The Consumer Financial Protection Bureau (CFPB) is preparing to put in place the same type of strict protections that it places on credit card companies in the “Buy now, pay later” (BNPL) sector, following the publication of a recent study on the practice. Officials said their findings revealed a booming industry that not only had few safeguards for consumers and helped normalize debt, but had also begun data collection and monetization efforts with little support. surveillance.
“Buy now, pay later is a rapidly growing type of loan that is closely replacing credit cards,” CFPB Director Rohit Chopra said last Thursday. “We will work to ensure borrowers have similar protections whether they are using a credit card or a Buy Now, Pay Later loan.”
Key points to remember
- Buy now, pay later is an interest-free payment option that primarily allows you to pay for goods and services online.
- The option has grown significantly during the pandemic, with Affirm, Afterpay, Klarna, PayPal and Zip originating 180 million Buy Now, Pay Later loans totaling more than $24 billion last year.
- A Buy Now, Pay Later industry study found that consumer protections are lax and lenders often use data collection to create a database of valuable personal information.
- The Consumer Financial Protection Bureau sets rules and guidelines to protect consumers from potential dangers such as rampant data collection.
Buy now, pay later is a booming industry
With such an emphasis on online retail in recent years, some companies and lenders have started promoting their BNPL products. Whether called “pay in four”, “split payment” or BNPL, the concept is the same: they were point-of-sale interest-free installment loans that allowed consumers to pay for their purchases over time. . In most cases, a down payment is required with plans typically capped at around $1,000. Any late or missing payment will incur additional charges.
According to the CFPB report, BNPL has grown in popularity so quickly that the top five lenders, Affirm, Afterpay, Klarna, PayPal and Zip, were responsible for 180 million loans totaling $24.2 billion in 2021. Those numbers eclipsed data from 2019, which saw these same lenders disbursed 16.8 million loans worth $2 billion in 2019.
Consumers face certain risks by buying now, paying later
Although the absence of interest payments and staggered repayment plans may be attractive to most consumers, CFPB researchers found that BNPL loans were associated with some potentially dangerous risks.
- Lack of standardized consumer protections. The CFPB’s main concern is the apparent lack of consistent oversight and consumer protection. Because lenders operate outside the confines of credit card regulations, some consumers may find themselves vulnerable to things like a “lack of standardized cost of credit disclosures, minimal dispute resolution rights, a forced opt-in to automatic payment and businesses that assess multiple late penalties on the same missed payment.”
- Younger access to debt. The researchers found that among the top five lender users, the average borrower who sought to use BNPL tended to be younger. According to the data, young millennials (25-33 years old) made up the largest cohort, with older generations (34-40 years old) and Gen Z (18-24 years old) taking second and third place.

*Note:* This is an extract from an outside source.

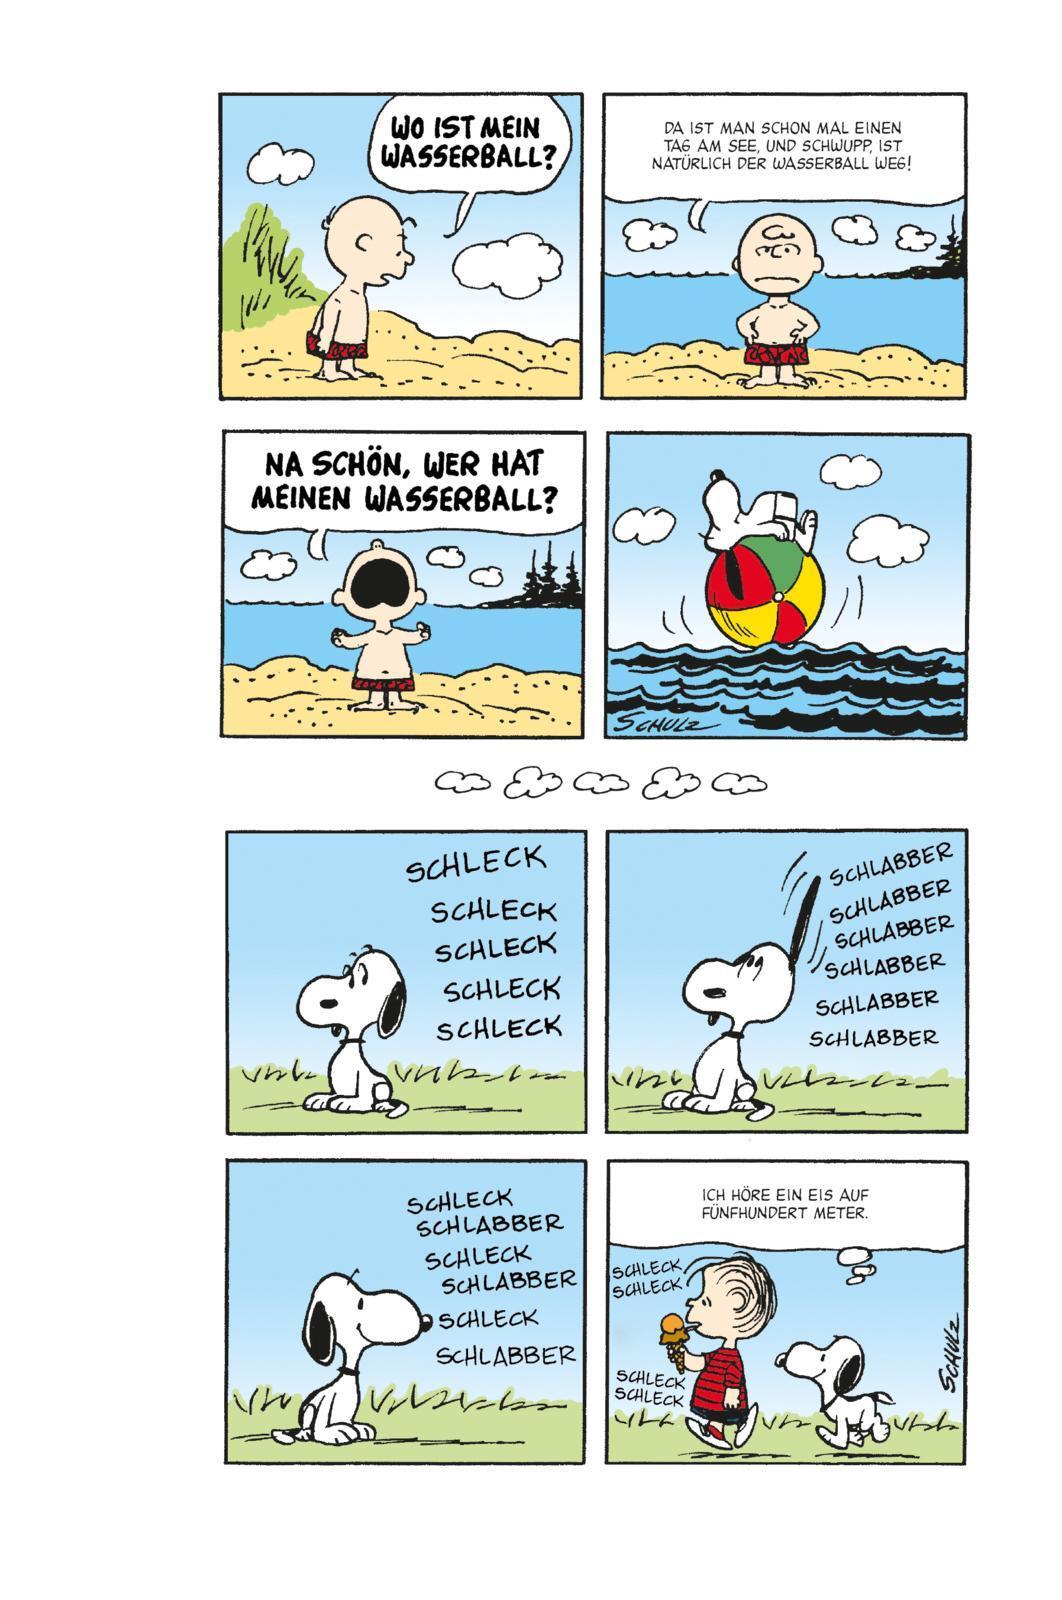 Das Snoopy-Super-Sommer-Ferienbuch' von 'Charles M. Schulz' - Buch -  '978-3-551-76589-5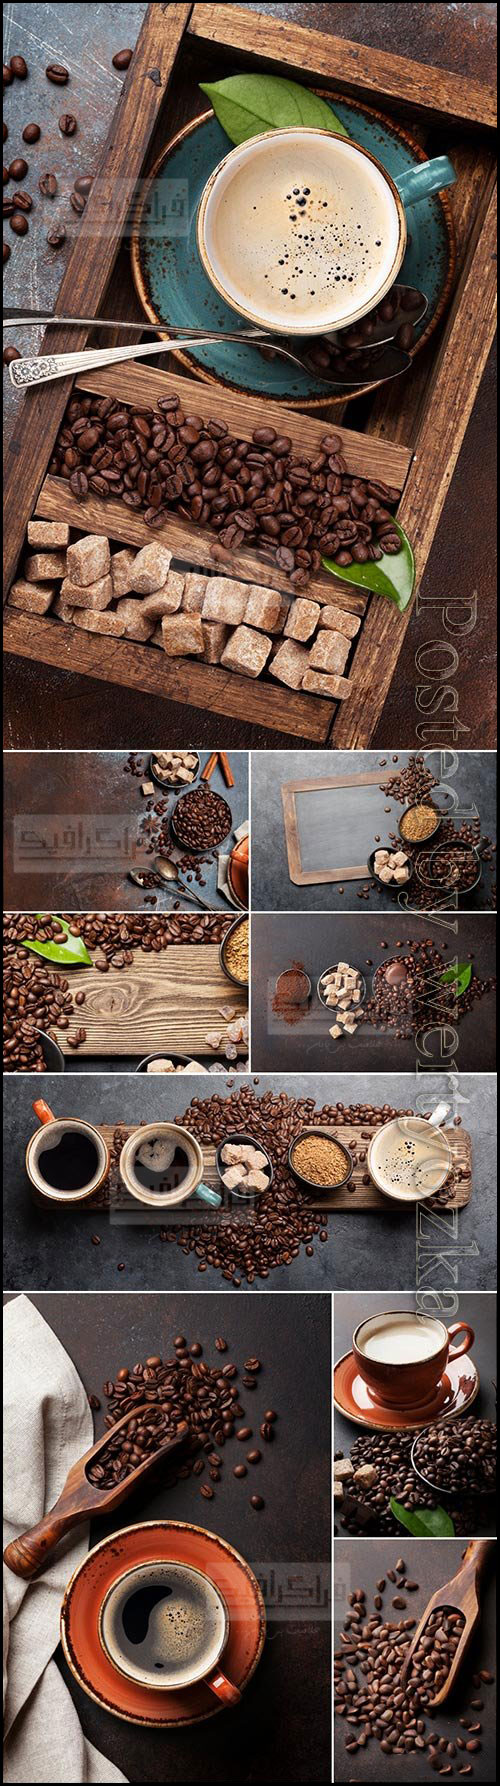 تصاویر استوک قهوه و فنجان قهوه - شماره 3

- Normalizes debt. By getting young people into debt earlier, this risks normalizing the accumulation of debt without proper management. The ease of getting a BNPL loan is evidenced by the fact that loan approval rates have increased from 69% in 2020 to 73% in 2021 and the prevalence of late fees has increased from 7, 8% to 10.5% over the same period.
- Lenders have started turning to collecting and selling user data. Even as BNPL plans have grown in popularity, researchers found that profit margins had started to shrink, from 1.27% in 2020 to 1.01% of the total loan amount issued. With yields falling, the CFPB said it learned that some lenders were building a “valuable digital profile of each user’s shopping preferences and behavior” by turning to proprietary apps.
How the CFPB reacts
Even though BNPL providers fall under the jurisdiction of some state and federal oversight, the CFPB uses its power over credit providers and “has the power to supervise any non-custodial covered person, such as a Buy Now, Pay Later provider. , in certain circumstances .”
To that end, the CFPB said it will begin to identify areas where it can provide guidance and establish rules to ensure BNPL lenders “adhere to many of the basic protections that Congress has already established for credit cards” and will be subject to regular inspections. Regarding the risk of borrowers taking on too many BNPL loans, the office will consider how lenders can begin to follow accurate credit reporting practices. Regarding the issue of data collection, the CFPB will find and call out data collection practices that lenders should avoid.